Here’s why it could be a good time to invest in these little-known niobium stocks
Link copied to
Niobium doesn’t often crop up in conversation, but this rarely-talked-about metal has strong prospects.
The majority of niobium — about 90 per cent of world production — is used in the making of high-strength, low alloy steel (HSLA).
Ferroniobium — an alloy of iron and niobium and the main agent used for HSLA steel — is in high demand says consultant Roskill.
Roskill estimates world production of crude steel in 2017 was 1.63 billion tonnes, but only a small percentage was HSLA steel.
The addition of ferroniobium to steel has performance and cost benefits and is only a minor contributor to cost.
“Demand for ferroniobium is not going to fall over time; it can only increase,” Roskill noted.
The ferroniobium price does not generally move sharply and Roskill does not expect it to rise above $US40 ($52) per kilogram before 2024. However, steelmakers are anticipating an increase this year.
Shortage of production
There are only three mines in the world that currently produce niobium as their primary product and there have been no new mines brought into production since the mid-1970s.
There are just two ASX-listed juniors that are looking primarily for niobium and there are 20 others who have projects that host niobium among other commodities, mostly lithium and tantalum.
Cradle Resources (ASX:CXX) has a 50 per cent stake in the Panda Hill niobium project in Tanzania, which it is working to move towards financing and construction.
The company has been in talks with the Tanzanian government to clarify the uncertainty surrounding new mining legislation.
Globe Metals & Mining (ASX:GBE), meanwhile, recently restarted work on a feasibility study at its Kanyika niobium project in Malawi.
Since late 2015, Globe had been looking at opportunities outside the mining sector and was particularly interested in making its foray into the agricultural and food and beverage sectors.
But a brighter outlook for niobium prompted the company to revisit its Malawi project.
US wants more
Niobium is classified as a strategic metal by the US, with usage growth estimated to be 25 per cent over the next six years.
The Americas are the largest users of ferroniobium in steel, followed by Europe and Japan.
China, which is currently not a big consumer of ferroniobium, also presents an opportunity, particularly as it has no niobium deposits of its own.
“It is reasonable to expect HSLA usage to grow, particularly in countries where intensity of ferroniobium use is well below the world average,” Roskill noted.
The current global market is worth around $3 billion per annum, or three times the graphite market.
Good for electric vehicles
Niobium also has a role to play in the electric vehicle market.

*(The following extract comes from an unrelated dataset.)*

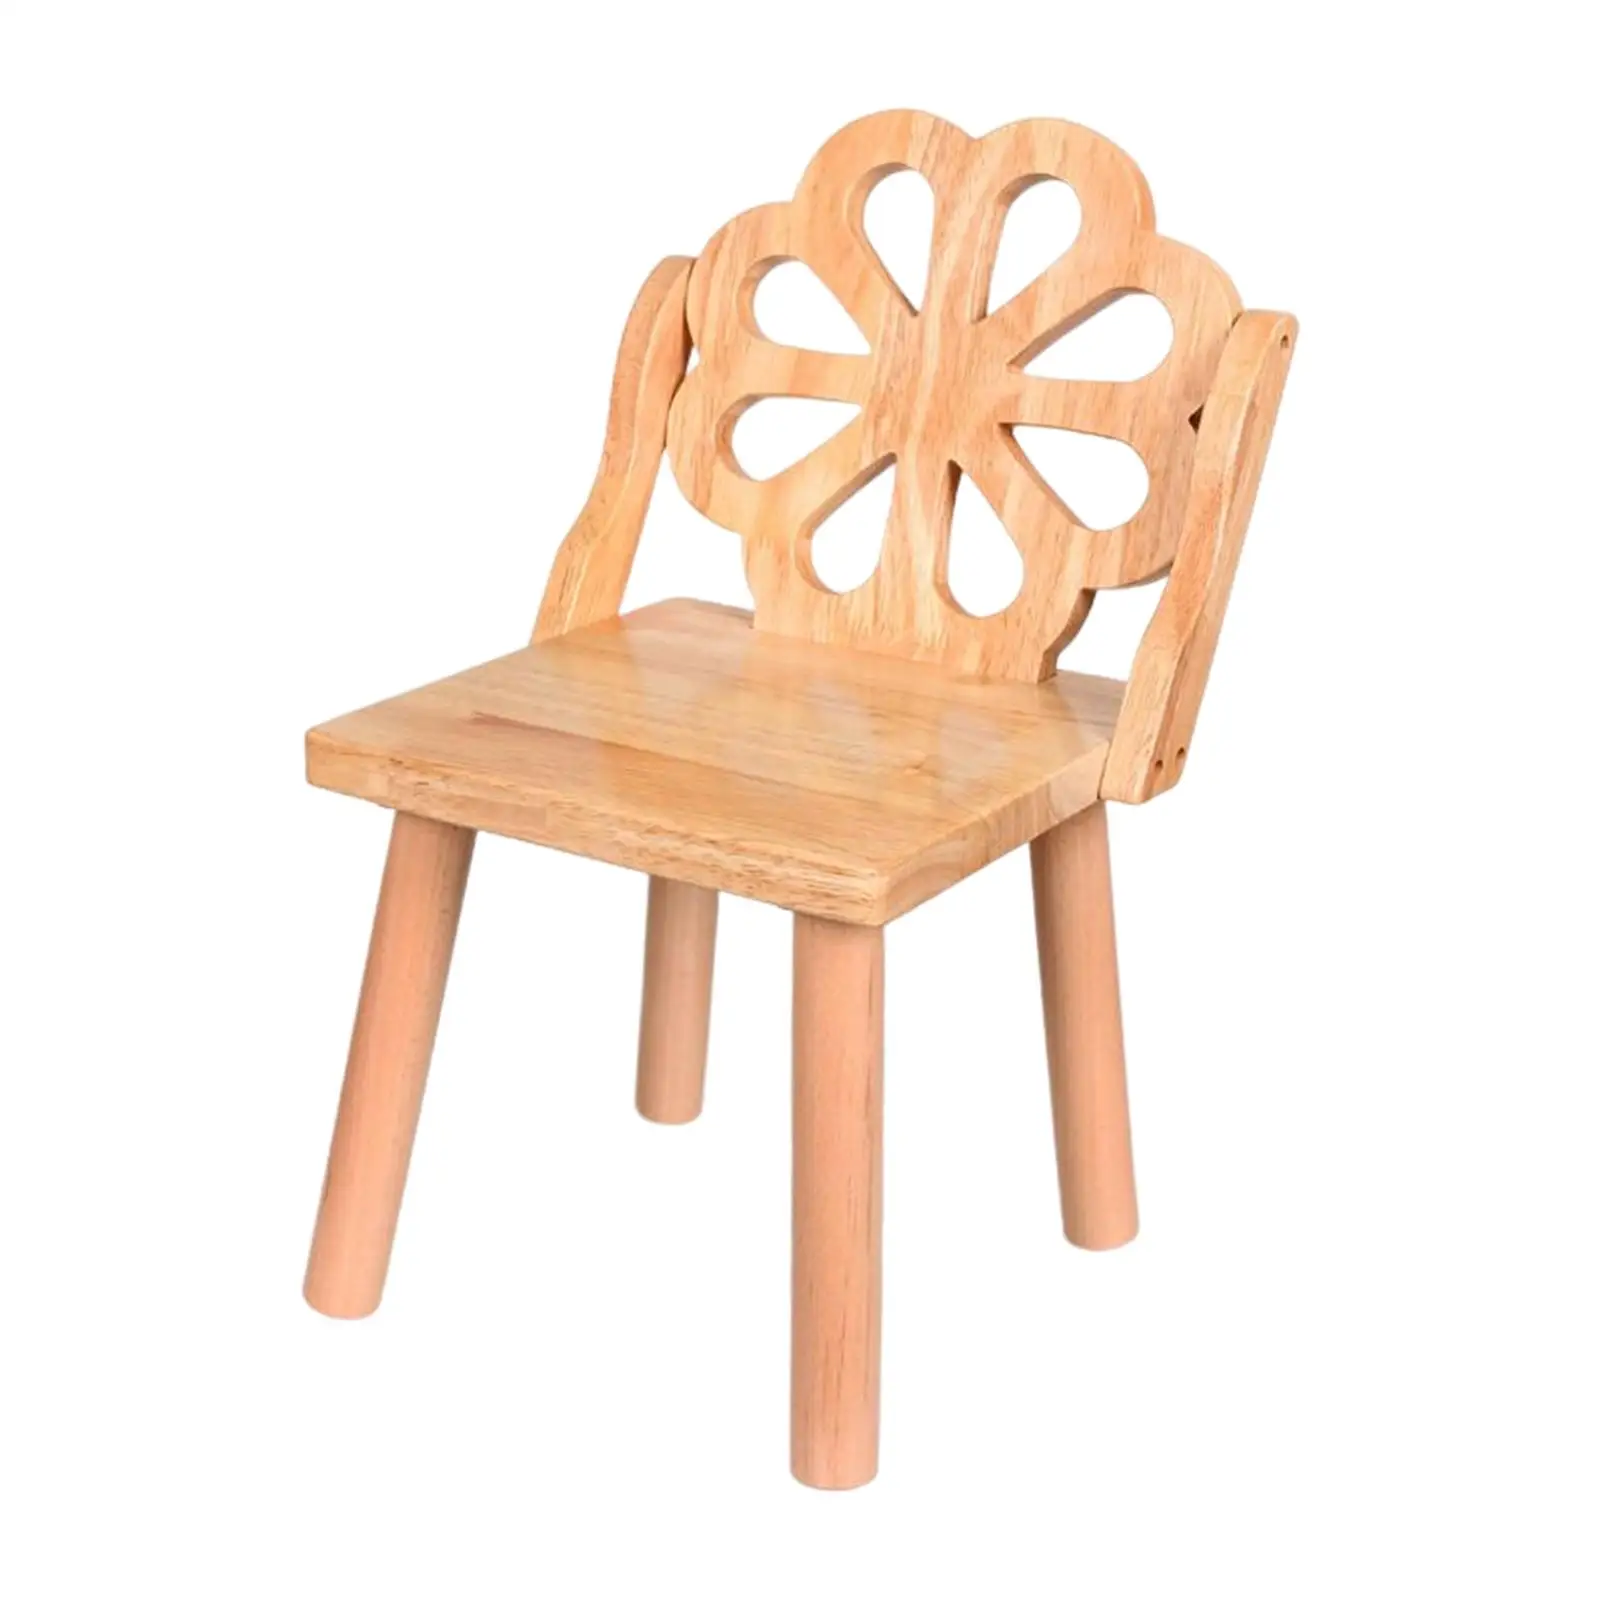 Wood Removable Wooden Child Stool Space Saving Ultralight Protable Wooden Kindergarten game Small Seat Stool for Kids

Toshiba revealed in October last year that niobium-titanium used in lithium rechargeable batteries boosts the driving range of electric vehicles to 320km on 6-minute, ultra-rapid recharge.
According to the Japanese heavyweight, that is triple that possible with current lithium-ion batteries.
Car makers are on the verge of mass market production of electric cars, according to a new report from consultant McKinsey.
More than 100 new electric vehicle models are expected to be launched by 2024, which could see electric vehicle sales account for 30 to 35 per cent of passenger vehicle sales in major markets like China, Europe and the US by 2030. Electric vehicles only accounted for about 1 per cent of the market in 2017.
Increasing the range of electric vehicles is a key to them gaining market share, according to McKinsey.